Cuentos de verano El pop como parte del paisaje (literalmente) inunda y dota de sentido y sinsentido esta maravillosa trampa que es Aquel querido mes de agosto, supuesto documental de aspecto intrascendente sobre las costumbres de los pueblos del interior portugués que, de manera casi imperceptible, deviene en ficción rohmeriana de amor de verano. Hay que esperar casi una hora de metraje para confirmar la sospecha de que aquéllo que estamos viendo no es lo que parece, y esa invocación a la paciencia es un gran riesgo calculado por el director Miguel Gomes, quien va orquestando (detrás y a veces hasta delante de cámara) los acontecimientos que se suceden como pistas, con un montaje tan pausado como preciso, retratando el calor con frescura.
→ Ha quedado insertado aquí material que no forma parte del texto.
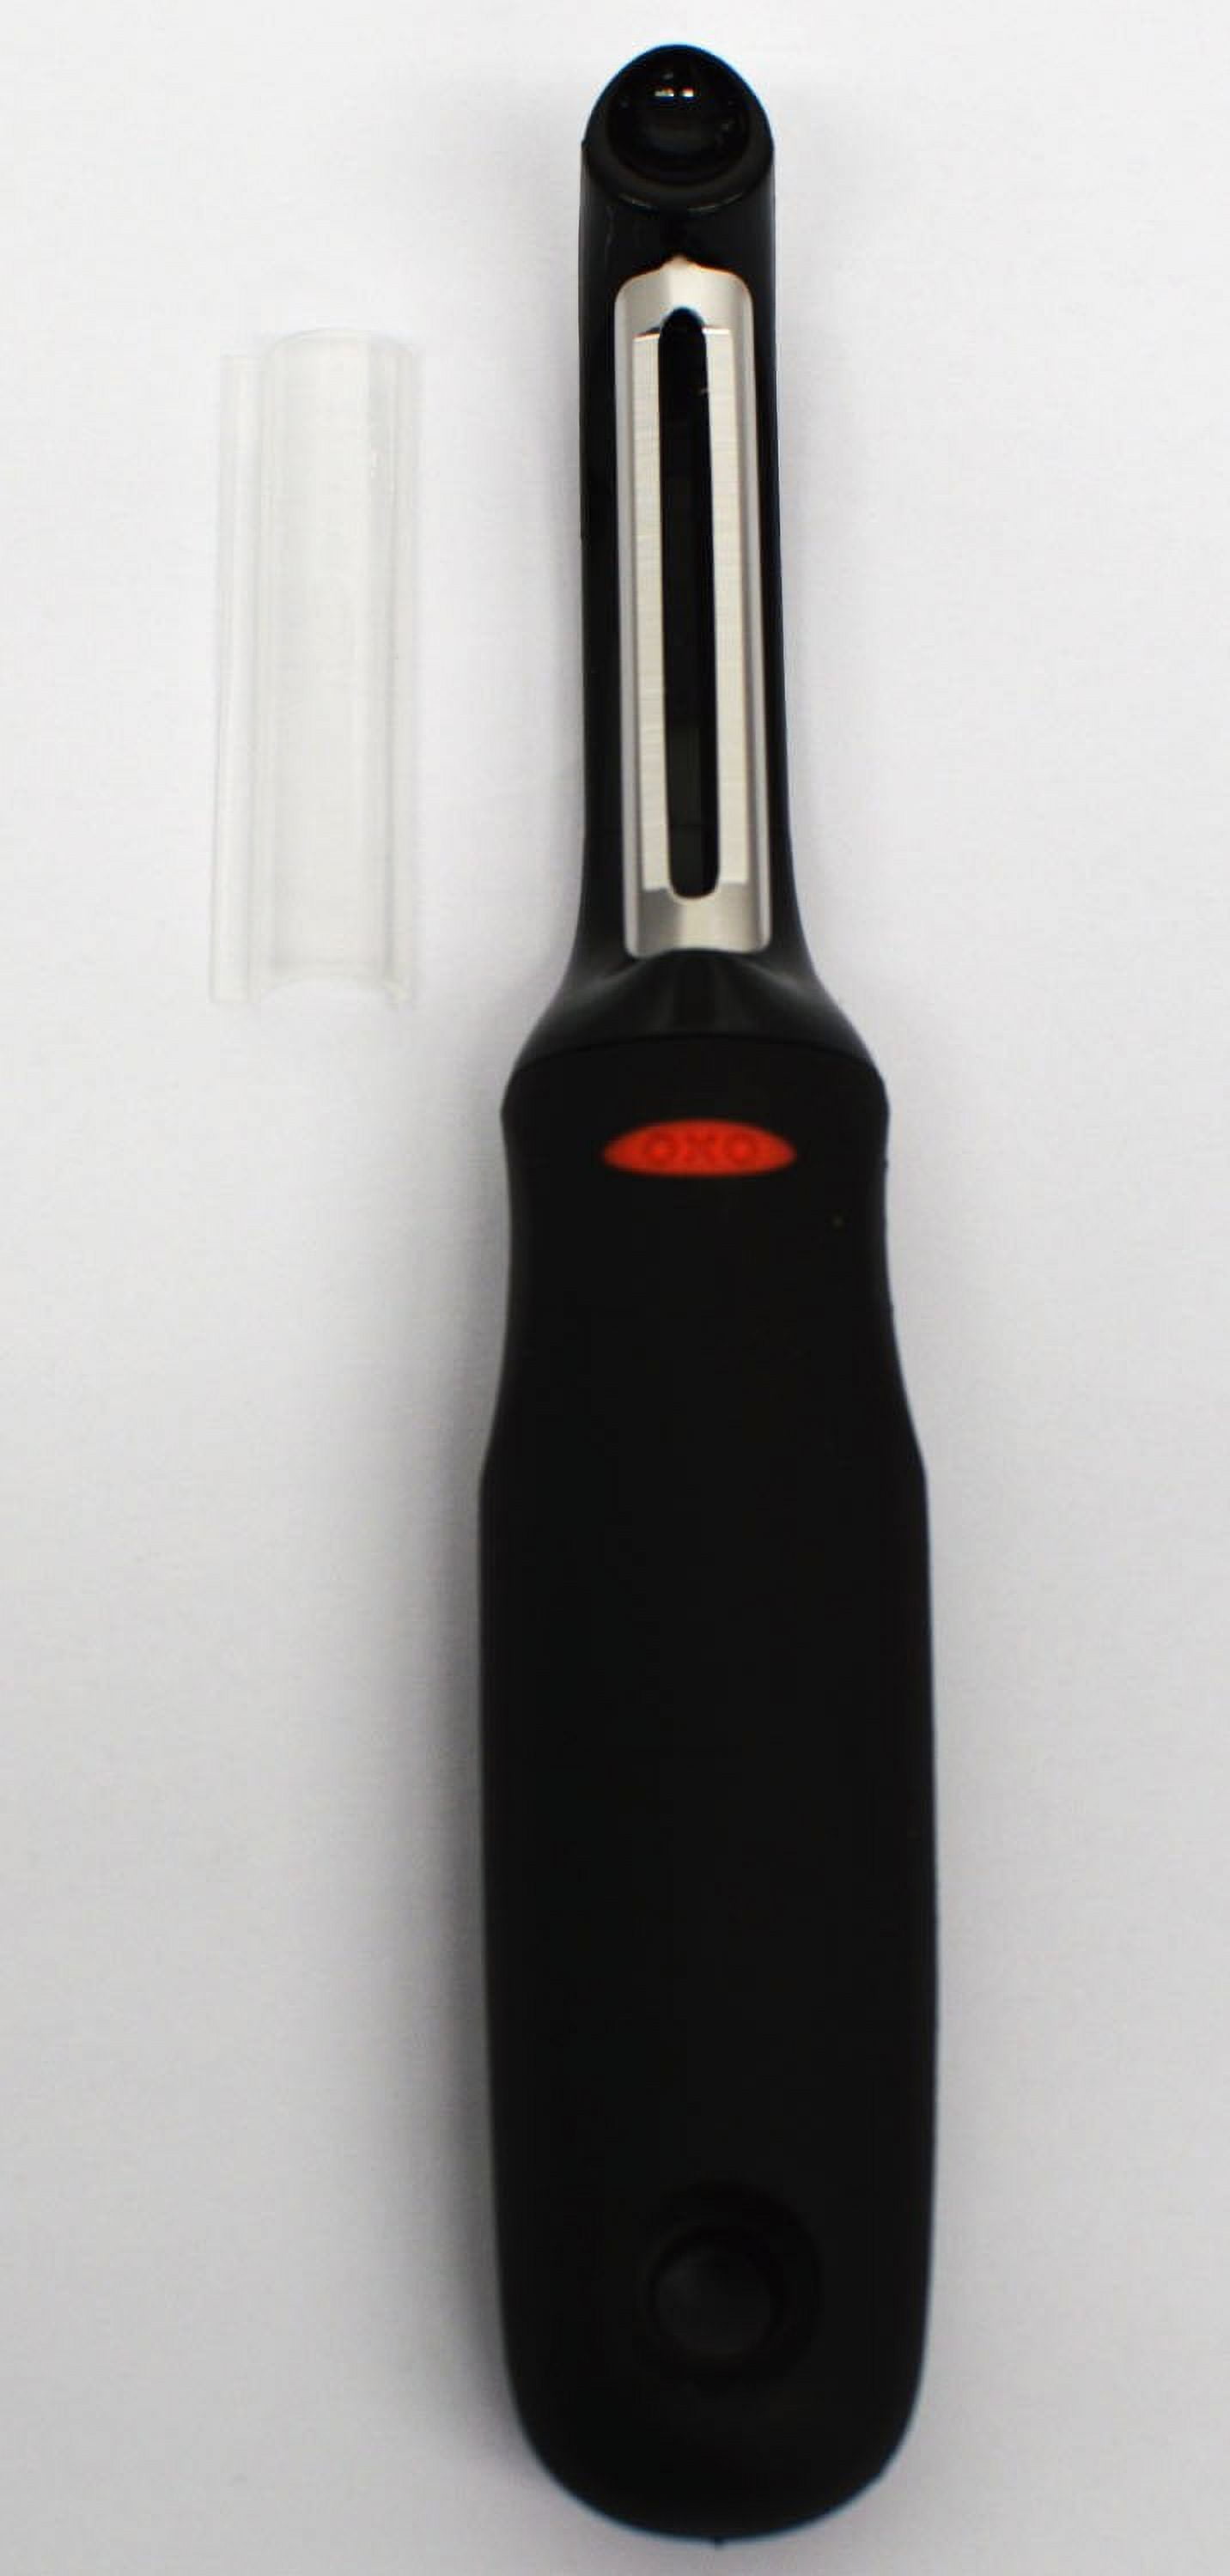 OXO Softworks Peeler Stainless Steel Blade Y Peeler Potato Eyer 81051 New,  Black

Y no es tarea sencilla. Un relato fragmentado, relevamiento musical (y cursi) de fiestas populares, viñetas sin conexión aparente, van mutando en melodrama romántico, en un ejercicio de amable deslizamiento. La magia que propone se materializa en planos convencionales, testimoniales, en donde se va colando algún elemento de ficción. Hay más de una gran escena escondida en los límites de esas imágenes simples, y uno descubre la trampa y se deja estafar con gusto. La escena final, con las quejas del sonidista porque el micrófono capta sonidos que no deberían estar allí, es el resumen de la tesis de Gomes: la realidad es inabarcable, pero aquéllo que encontramos cuando salimos a buscarla sigue valiendo la pena.